Apart from that......More revision!

A Necessary Emotional Release. </3.

I feel somewhat melancholic again today. I miss Adam and had to fight off tears but I am going to assume that all this is due to hormones because I took my pills wrong and skipped a period(unintentionally.) Still I start taking them tomorrow.

I am a woman possessed, Adam is all I can think about again. I guess when I thought I was doing well, I was actually just repressing my feelings, or this could be the last step before it gets better. The last time I had to get over a boy was when I was just fourteen so I've forgotten how it goes. My last relationship terminated when i grew so sick of him and his mind games I just refused to play along anymore and so we stopped speaking.

Then I didn't feel any greif because I was so happy to be free. Things like getting the bed to myself and not being ordered what to do anymore. It was great and I enjoyed nearly every moment of it, Until i got lonely again~back in december and arranged a date with Adam or that wierd guy that tried to hit on me over summer.

I keep trying to convince myself that it would never have worked and I guess I am probably right. There were great points; such as the way we just clicked and the chemistry ect. But he too was kind of controlling, and i think maybe if i had gone to UCL he would have felt intimidated by that. I was equal to his level of intelligence and I am three years younger than him! Maybe It's better we broke up now afterall.

Ah, I dunno! I guess the important thing is we did brake up. And yes, it hurt and yes I miss him, but it probably didn't stand a chance of working anyway. He was too emotionally immature. Unfortunately not many people can share in my experiences so I don't often meet someone I can relate to.

don't really understand why this is being written now.

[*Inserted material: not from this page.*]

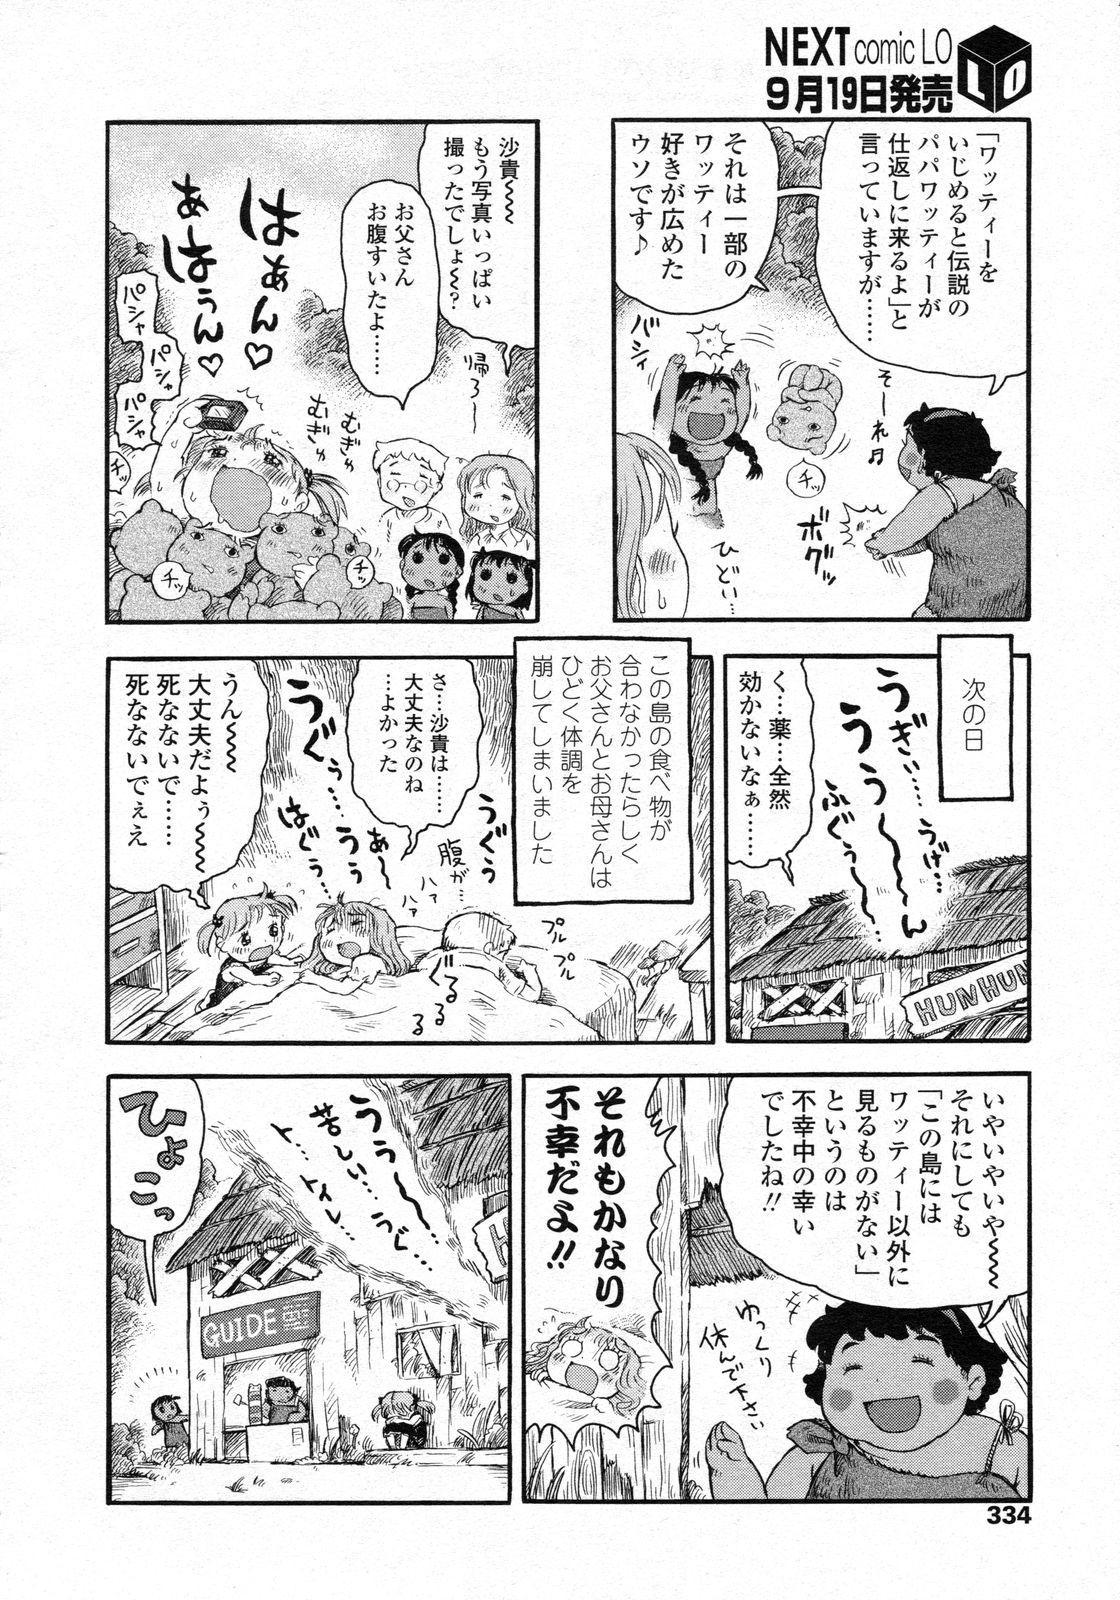 COMIC LO 2009-10 Vol. 67 334
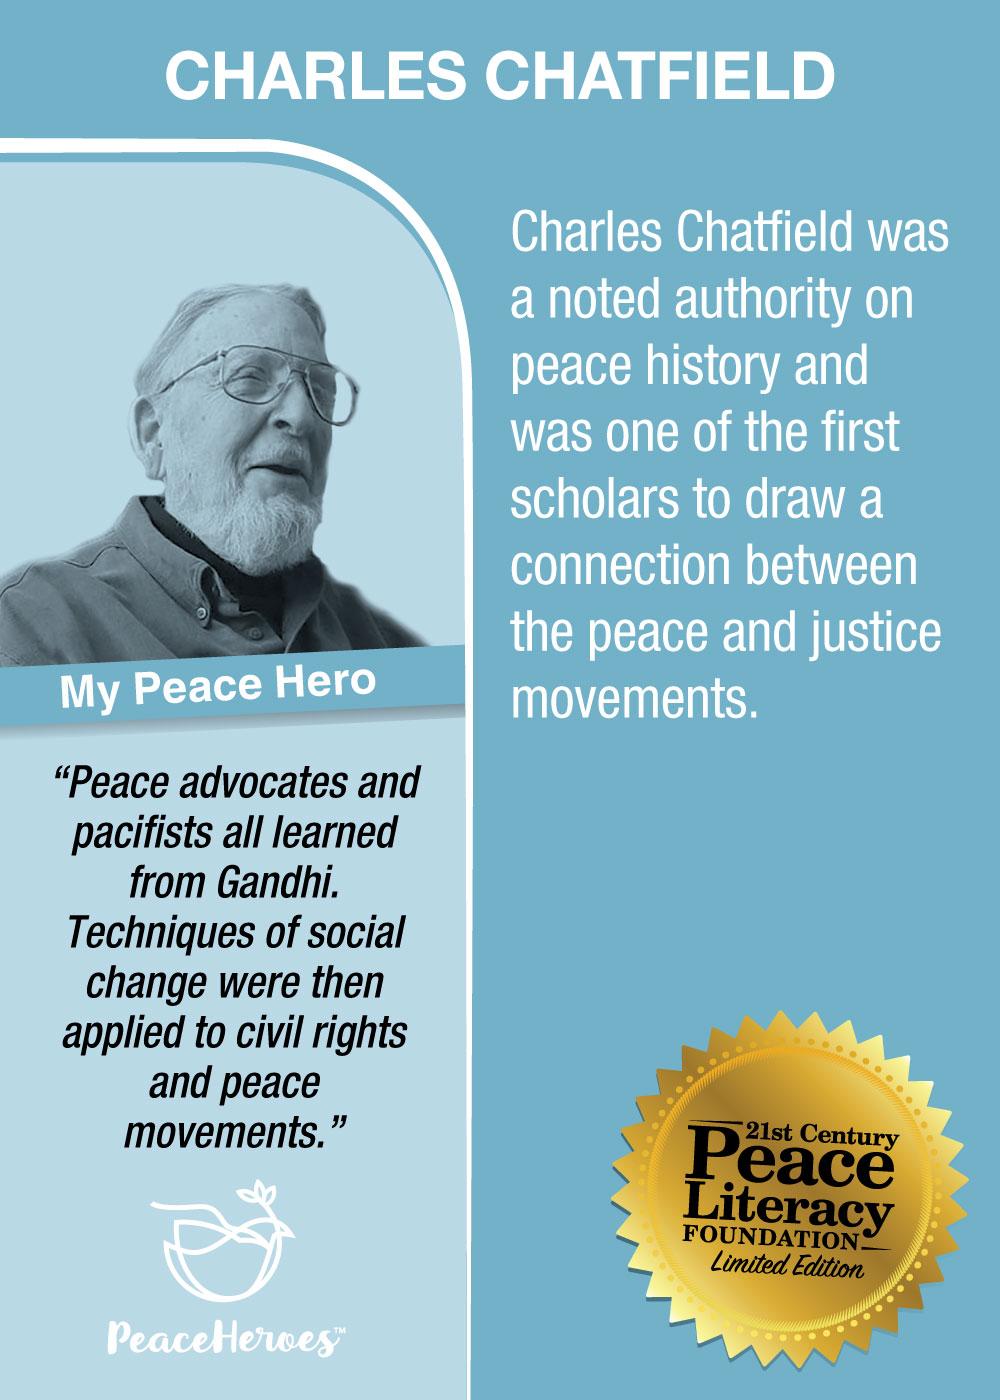 ChatfieldCharles.jpg

I wanted to get it off my chest earlier but i had to do a stupid timed history essay. Still if gets me closer to UCL or any university that isn't Slough, then it'll be worth it. My emotional dependancy problems can wait for now.

I have counselling tomorrow night and revision maths after school. I will probably get virtually no revision done tomorrow night. Maybe thats not so terrible though. This weekend should be good too, It's Linda's 18th so we're going to go to the bars in camberley. I have to wait another eight months til I can drink legally, though when that happens I probably won't.

So to end my emotional expression atleast for another day. I will cope eventually, I will be fine!